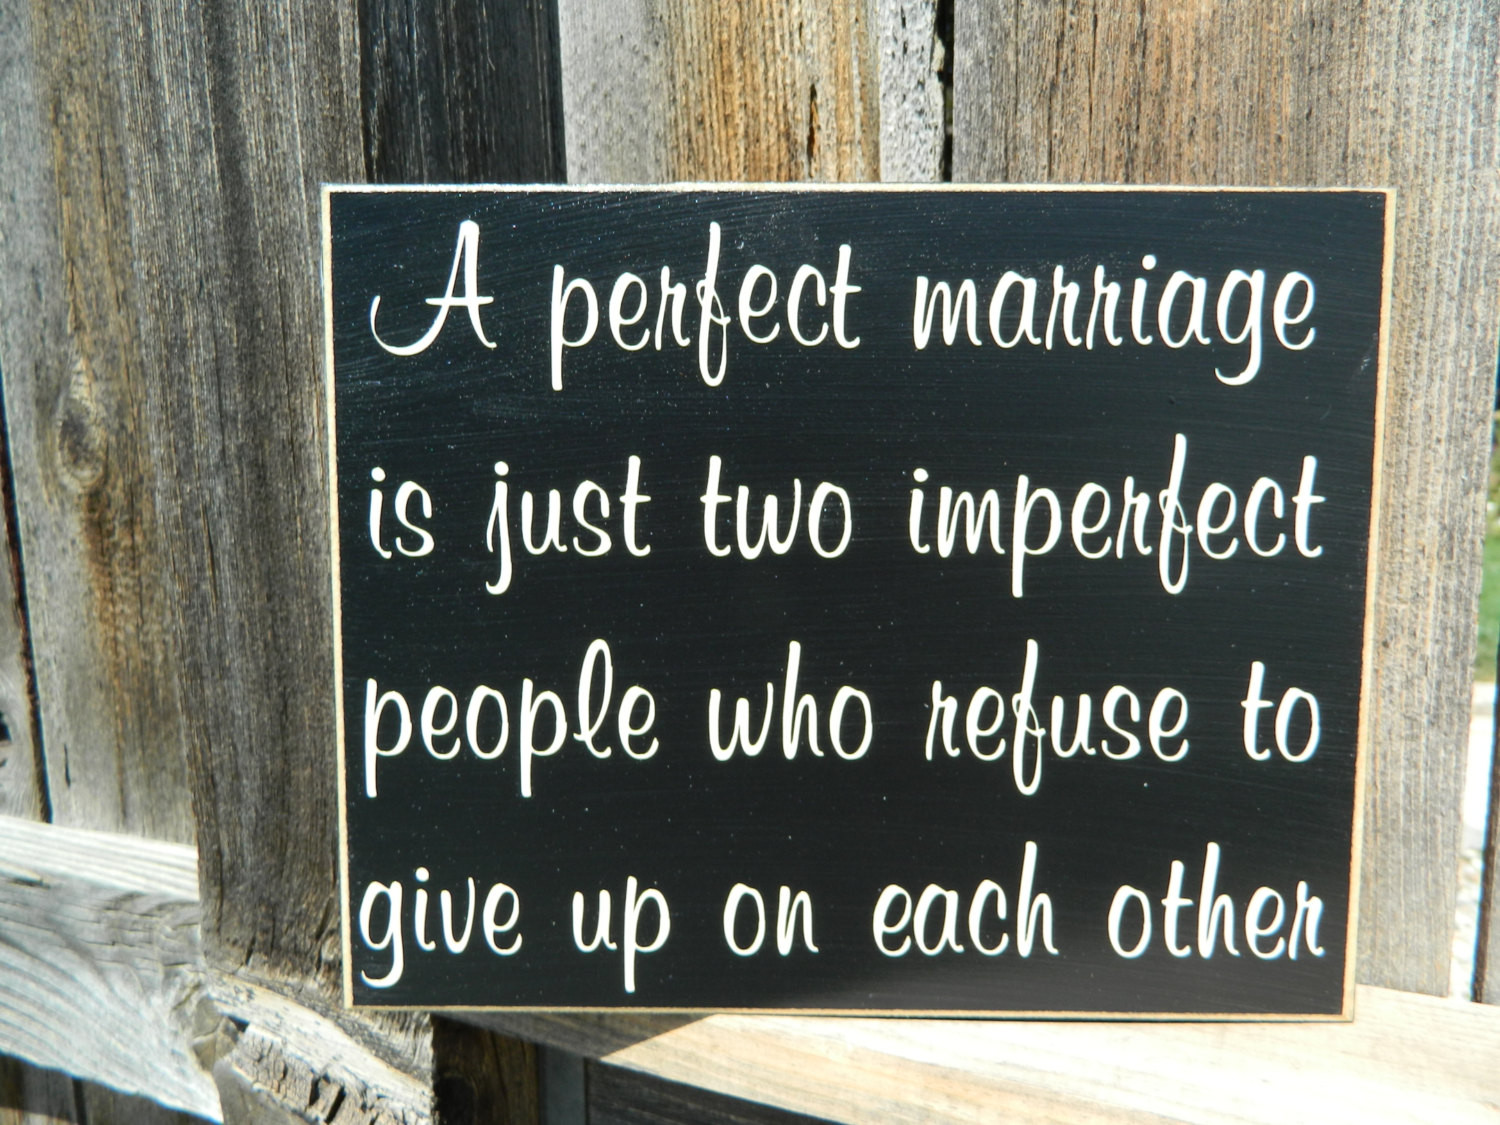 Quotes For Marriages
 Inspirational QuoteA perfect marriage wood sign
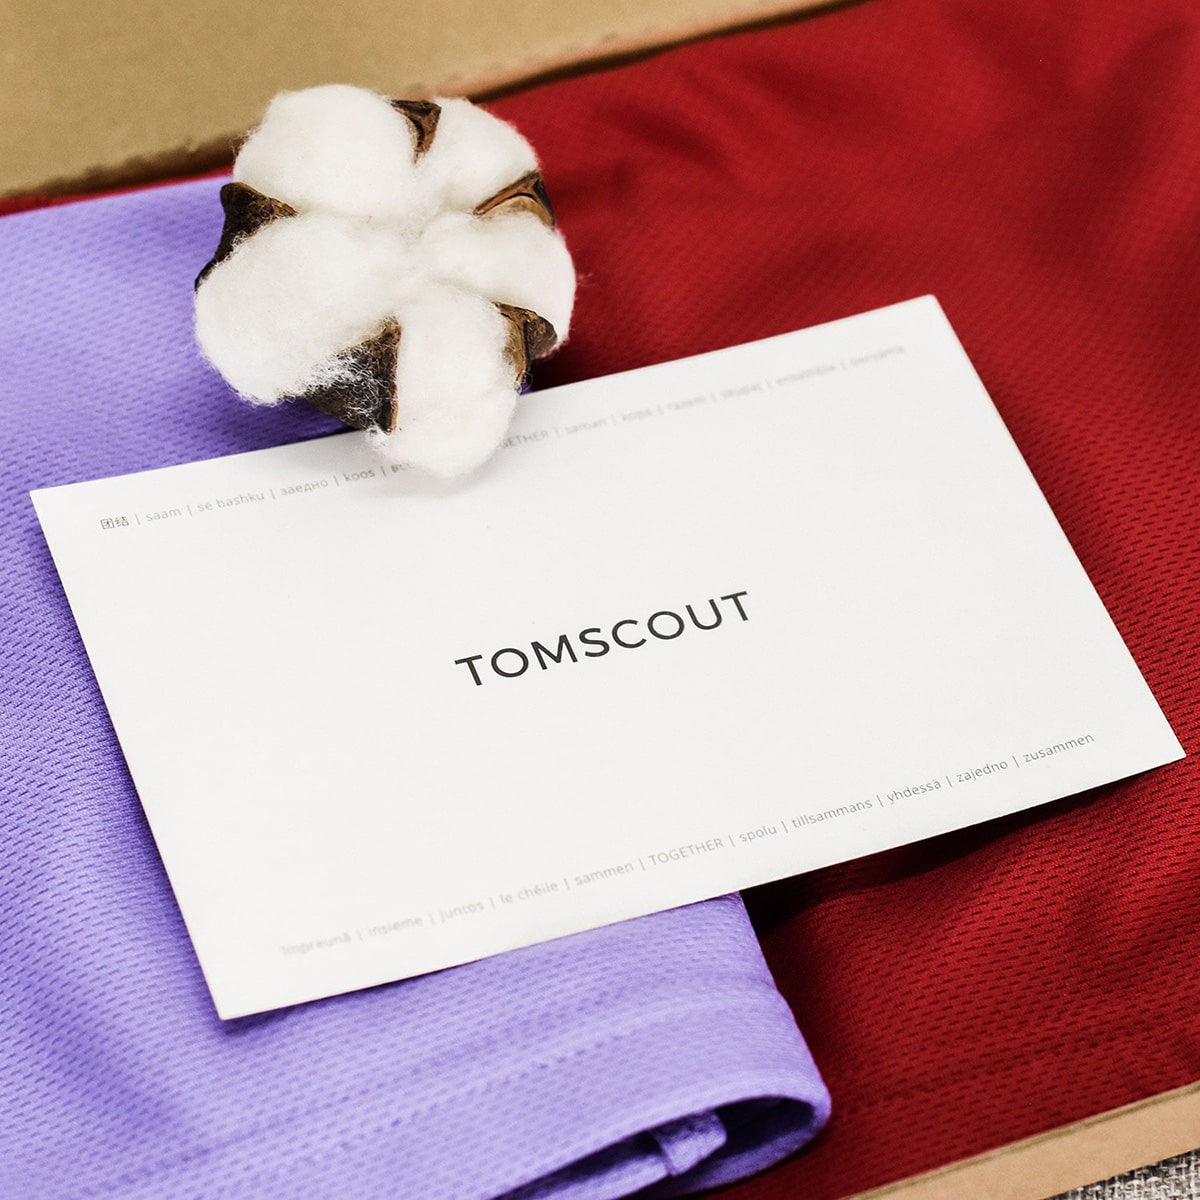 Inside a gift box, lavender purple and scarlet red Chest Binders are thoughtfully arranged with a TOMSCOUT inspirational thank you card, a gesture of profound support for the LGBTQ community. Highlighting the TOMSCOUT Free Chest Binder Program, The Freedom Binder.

**Problem description**.
Beginning at the line that contains "Inspirational QuoteA perfect", retype each line of the data above through the very last one. Do not retype the pictures.

**Solution below**.
 Inspirational QuoteA perfect marriage wood sign
 Inside a gift box, lavender purple and scarlet red Chest Binders are thoughtfully arranged with a TOMSCOUT inspirational thank you card, a gesture of profound support for the LGBTQ community. Highlighting the TOMSCOUT Free Chest Binder Program, The Freedom Binder.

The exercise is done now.